Weezer – “OK Human” Review
A new Weezer album is here—and it is not named after a color.
It’s been two years since Weezer’s last album, “Weezer (The Black Album),” and it was… not good. “OK Human” is… better.
“OK Human” is on the shorter side at only 30 minutes with 12 tracks in total. Rivers Cuomo (lead vocals), Brian Bell (guitar/keyboard), Patrick Wilson (drums) and Scott Shriner (bass guitar) are the ones that made the album possible.
The record was supposed to arrive earlier, but because of the COVID-19 pandemic, it was delayed. The band wanted to be as safe as possible. Another album is expected in the coming months.
Weezer brought in an entire orchestra to create this album. They have not done anything like this before, so they completely changed the game. As such, the listening experience is unlike anything listeners have heard from Weezer. “Grapes of Wrath,” “Numbers” and “Bird with a Broken Wing” are notably more orchestra-y than the other tracks.
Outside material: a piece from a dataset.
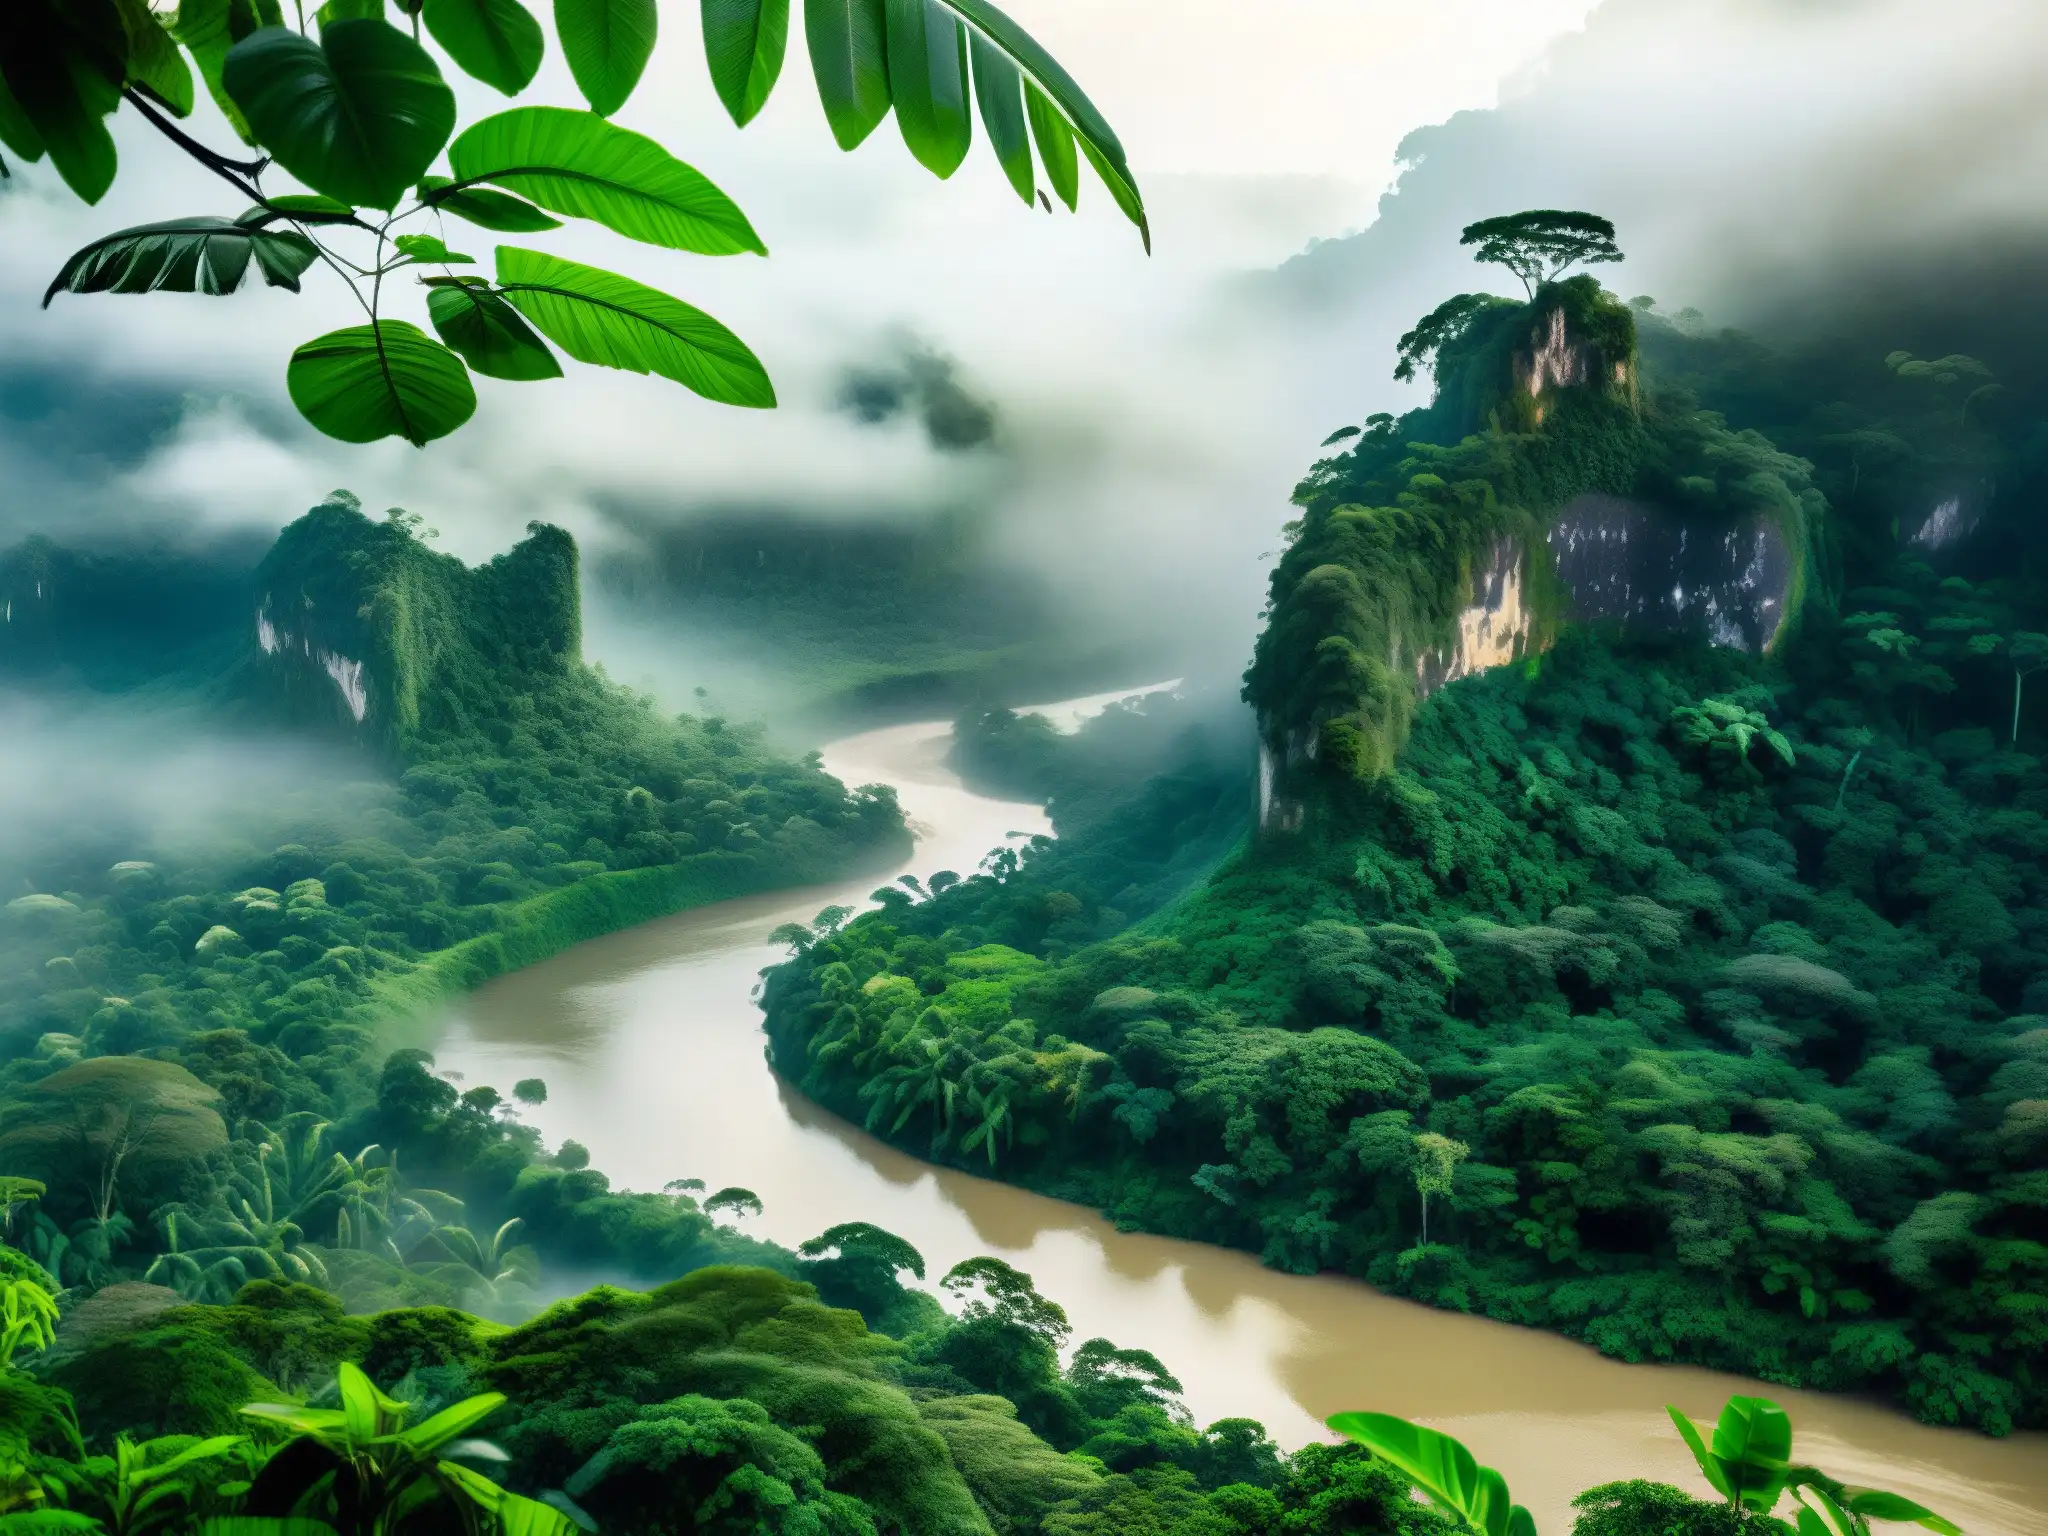 Imagen de la densa selva amazónica con río serpenteante, vegetación exuberante y atmósfera mística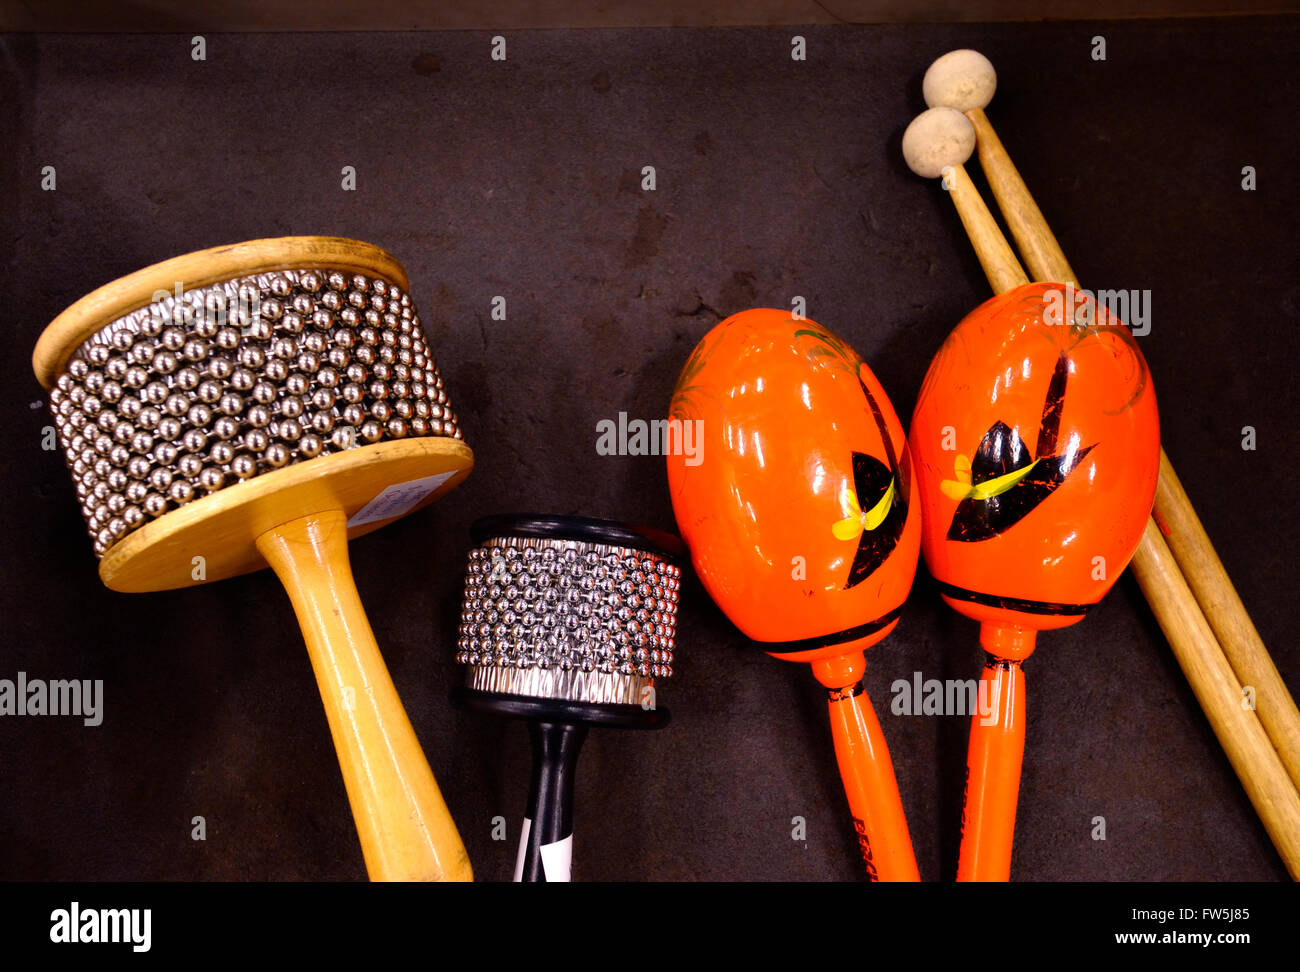 Cabasas orchestrale et les maracas. La Cabasa, provenant d'un instrument  appelé afuche, est un pays d'Amérique Latine / instrument à percussion  cubaine construit avec des boucles de chaîne boule en acier enroulé

Each song is soft and has a sweet, downhearted flow. The transitions from one song to another are immaculate. Weezer still sounds like Weezer, they’re just using violins and cellos this time around.
It’s still a pop-rock album but with a twist. This album almost sounds like a farewell, though nothing has been said about this by the band.
“OK Human” contains some of their catchiest songs, though nothing compares to previous classics like “Island in the Sun” and “Say It Ain’t So.”
It would not be a proper Weezer album without cheesy, poorly rhymed lyrics. In the first song, “All My Favorite Songs,” the words mad, bad and sad are rhymed together. Cuomo sings, “All my favorite people make me mad/Everything that feels so good is bad, bad, bad/All my favorite songs are slow and sad.” A kindergartener could write a haiku better than this.
Weezer does deserve some kudos for being more vulnerable than normal, though. Cuomo writes most—if not all—of the songs. But these potentially amazing moments of authenticity are diminished by soupy lines and spotty vocals.
Cuomo usually has an on-pitch voice that never fails to go extremely high or extremely low, but a close listen reveals the tiny flukes throughout the album, especially in the song “Playing My Piano.”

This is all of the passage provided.